Sometimes a more radical change of domain is called for, where S is not saliently described as either a set or a class, for example with fictional discourses. The role of x∈ S is then taken over by modal operators of fictionalization introduced by Lewis in Truth in Fiction which apply to sentences rather than to variables, so the Platonist make believe that fictional objects populate some kinds of sets is not needed. But the mechanism of blocking an unwelcome mixing of discourses is the same in spirit:

“But if we prefix the operator "In the fiction f" to some of the original premisses and not to others, or if we take some but not all of the premisses as tacitly prefixed, then in general neither the original conclusion nor the prefixed conclusion "In the fiction f” will follow. The premiss that Holmes lived at 221B Baker Street was true only if taken as prefixed. The premiss that the only building at 221B Baker Street was a bank, on the other hand, was true only if taken as unprefixed, for in the stories there was no bank there but rather a rooming house.

Taking the premisses as we naturally would in the ways that make them true, nothing follows: neither the unprefixed conclusion that Holmes lived in a bank nor the prefixed conclusion that in the stories he lived in a bank. Taking both premisses as unprefixed, the unprefixed conclusion follows but the first premiss is false. Taking both premisses as prefixed, the prefixed conclusion follows but the second premiss is false”.

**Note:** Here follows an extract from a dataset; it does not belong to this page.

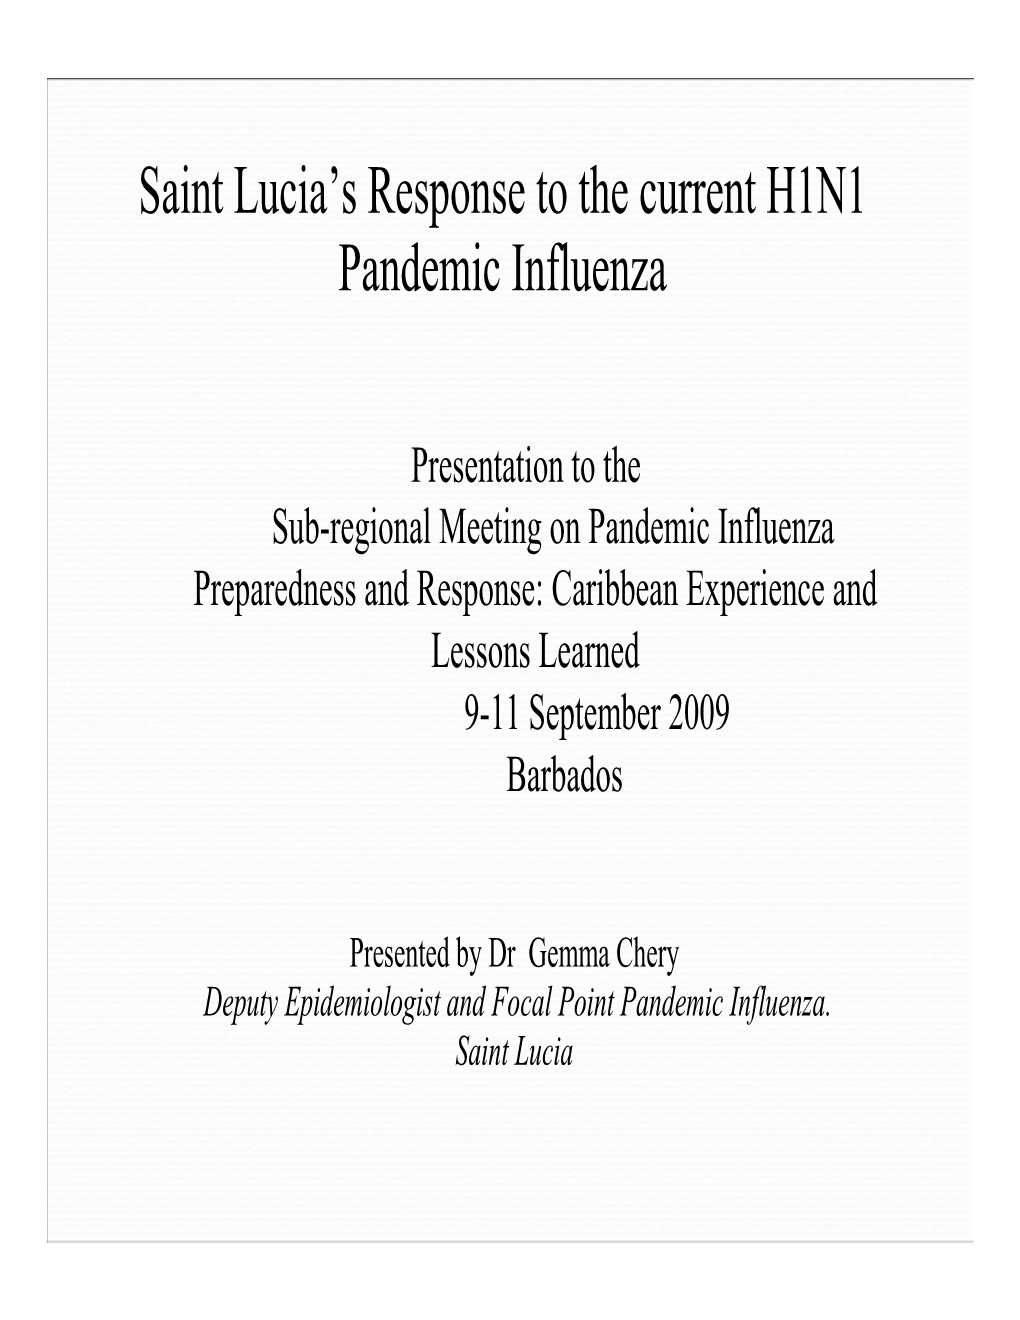 Saint Lucia's Response to the Current H1N1 Pandemic Influenza

So this apple is not prime, but according to Ionesco it is prime, no contradiction. Rosen adapted Lewis’s framework to modal semantics of possible worlds for those unwilling to accept the explosion in ontology it requires. All possible worlds and objects in them are reduced to fictions, see his Modal Fiction.

Meinongian universe

Finally, there is an option “opposite” to fictionalism, which adopts the most prolific ontology imaginable, that of Meinong, with golden mountains and round squares admitted on a par with desks and chairs. A coherent formal version of it was worked out by Parsons in A Prolegomenon to Meinongian Semantics. In a way, the mechanics is not that different from fictionalism or Russell’s paraphrase:

”Individuals are not sets of properties. However, corresponding to each individual is a unique set of properties-the set of properties that the individual has. I call this set the "correlate" of the individual… Likewise, Meinongian objects are not sets of properties either, but I'll talk as if they were. More literally, sets of properties (i.e., subsets of P) will "represent" objects in this theory, much as certain sets of sets represent numbers for logicists.

[…] There are incomplete objects. For example, the gold mountain is not determinate with respect to any properties except for its goldness and its mountainhood… There are supposed to be objects that don't exist. These will simply be sets of properties that aren't the correlates of any individuals… There are impossible objects, for example, the round square. This object may be represented by {roundness, squareness}. The round square happens to be incomplete, but there are complete impossible objects too.

[…] I intend 'there are' in the broadest sense, the sense of 'some'. In particular, my quantifiers are to range over all objects… It is clear from M4 that Meinong would not regard such a quantifier as existentially loaded.”

This is perhaps the closest option to the unrestricted uberdomain asked for in the OP. When restriction of context is needed one can simply use the classical restriction device described above, there are no qualms to be had in Meinongianism over what “sets” may contain. Pace Kant, there is also an existence predicate in this formalization, and blocking incoherence with impossible objects is simple: their properties may be inconsistent, but the existence predicate is false on them. "There are" and "there exist" come apart here.

Considering that Meinongian “objects” are essentially identified with collections of properties, and to us those pretty much manifest as indefinite descriptions, i.e. conjunctions of descriptive sentences, we get something very much like fictionalism in disguise. So primality is not among this apple's properties, but Ionesco-primality is. There are also apples that combine primality and non-primality, they just happen not to exist.